Laying in the dark of my bedroom. It's ten twenty and I should be sleeping, but I can't stop wondering why I let that one glow-in-the-dark moon stay stuck to my ceiling for so long. I used to have a galaxy of stars and moons and planets stuck to my ceiling. I probably convinced my mom to buy them for me on one of our trips to A.C. Moore. All the planets were unique, all the stars looked exactly the same and all the moons were trying to be unique, but all had the same number of the same sized craters. One Moon is left standing now, well, technically sticking to my ceiling. Every star and planet has fallen out of my pseudo sky over the last 6 years.
This one last moon is almost completely centered in the middle of my ceiling. A dried up rose is pinned next to it. Where I got this rose I don't remember.
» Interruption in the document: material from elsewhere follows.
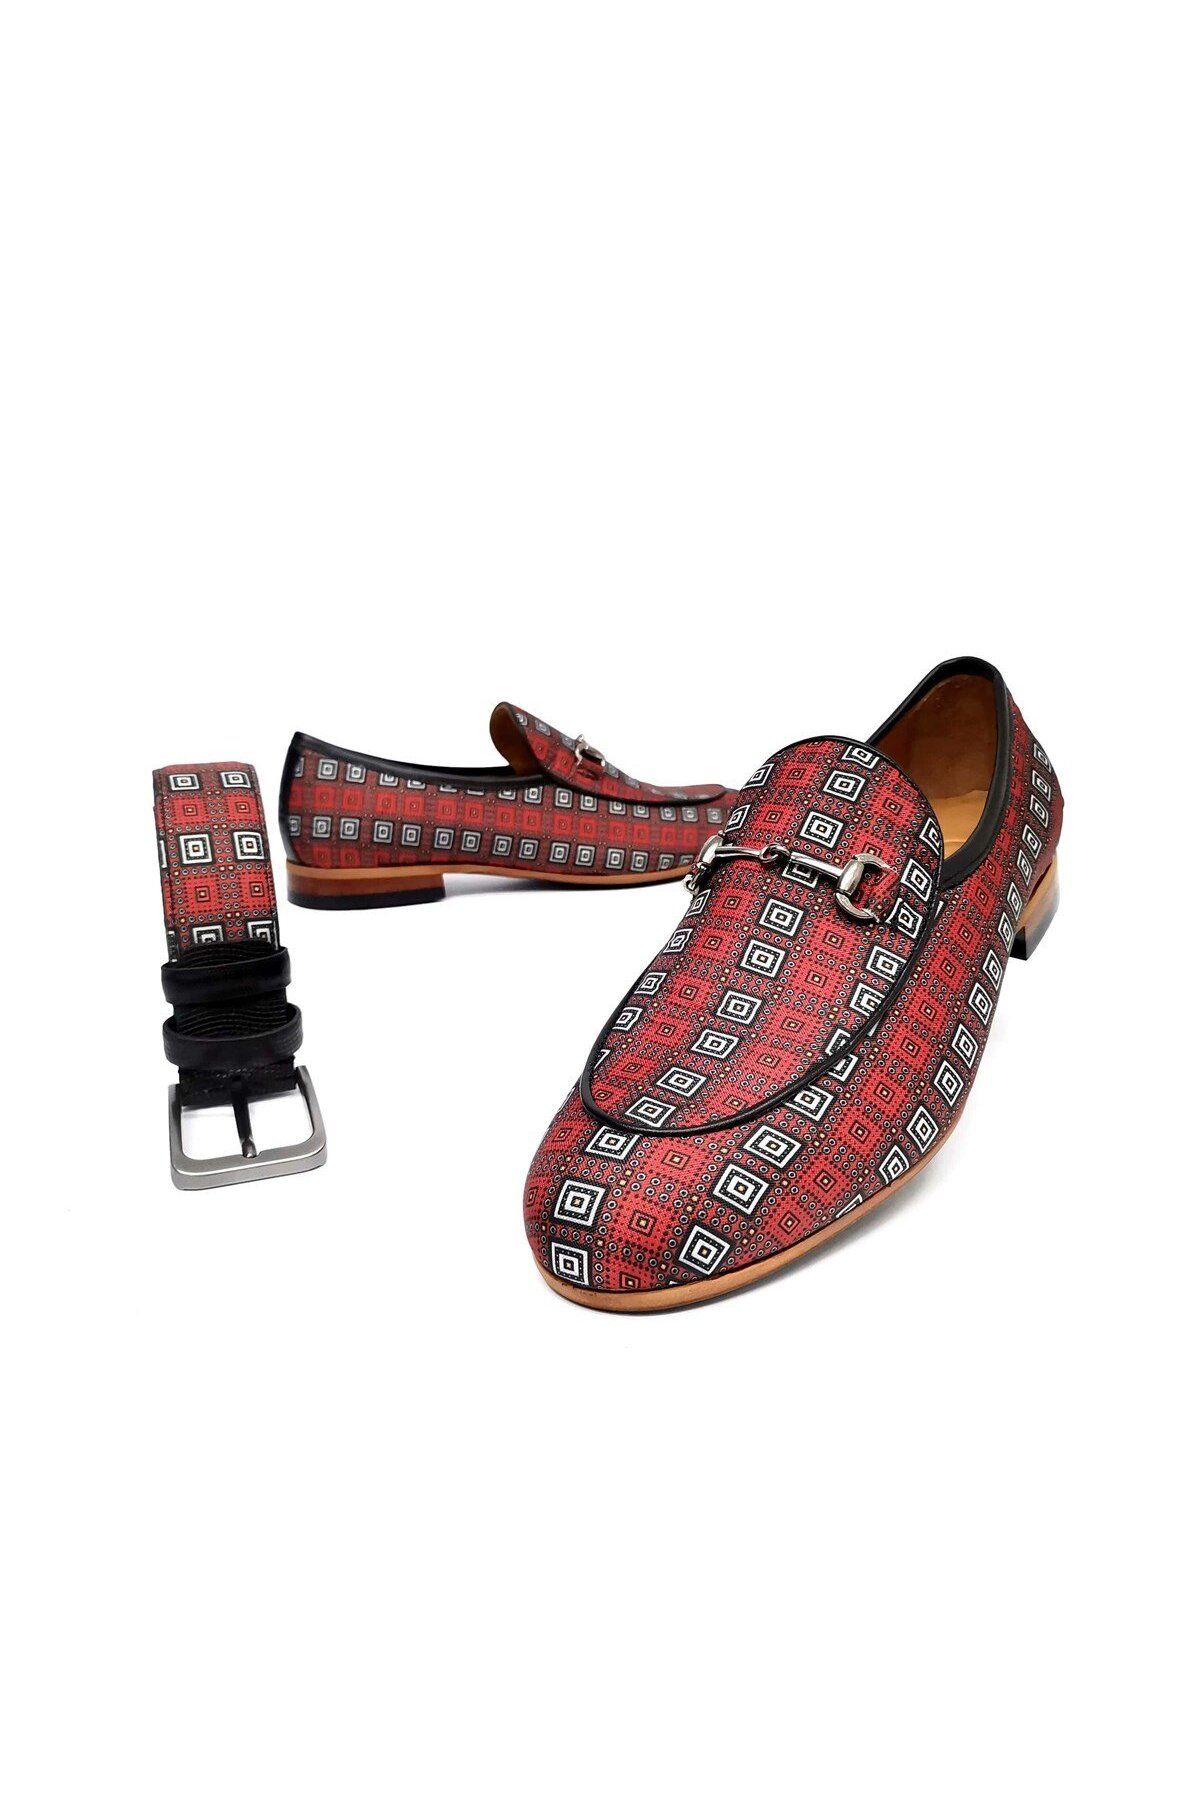 CassidoShoes Hakiki Deri Kırmızı Beyaz Kareli Zincir Detaylı Erkek Keten Ayakkabı Ve Kemer Set 022-3233
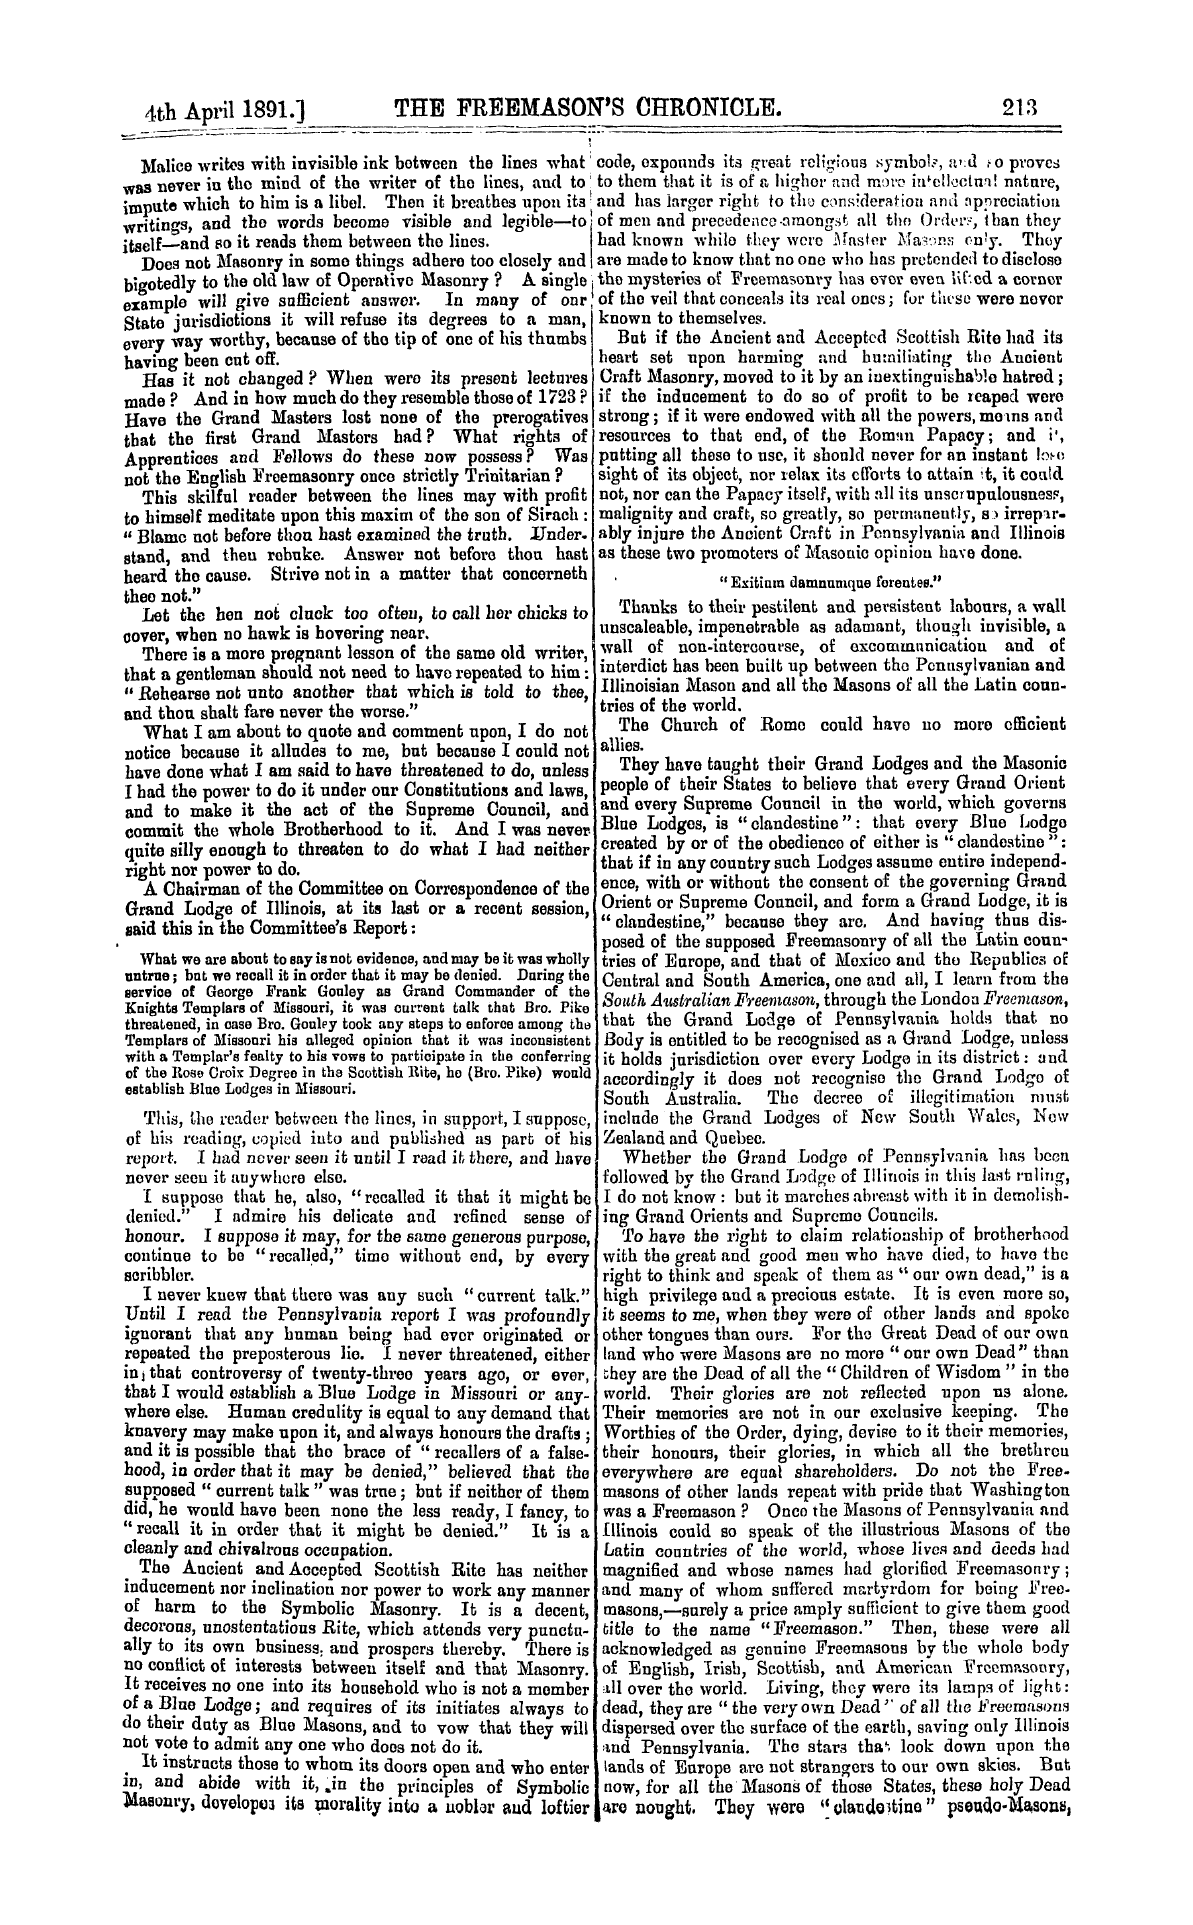 The Freemason's Chronicle: 1891-04-04 - Malevolent Utterances Rebuked.

Why I leave that lone moon on my ceiling I don't understand. Maybe it has become a representation of who I was, because I never noticed it until now, glowing in the dark.
The puddy like glue that I used to keep the other constellations sticking is still cemented there above me. The puddy marks are just random dots of glue, but they seem more like scars to me. It's like the false sky that I pasted up years ago was a representation of who I thought myself to be. As years passed I found out I was not any of those things and the stars and planets started to fall. Before I began my junior year in high school I had an argument with my parents in which I exploded and shouted that, “If my ten year old self could see me now, I would hate me!”. That is when I had one last moon to stare at all night. I had the one last piece of myself that I knew, and that was only the fact that I existed.
Now, I am soon to paint the whole night sky on my ceiling like Vincent Van Gogh. It could chip away, but only if you had the right tools. It will be a new representation of who I can become and part of who I am now, because I am no longer one lone moon, I am a galaxy again. I am my own night sky dripping with color and swirling with lights.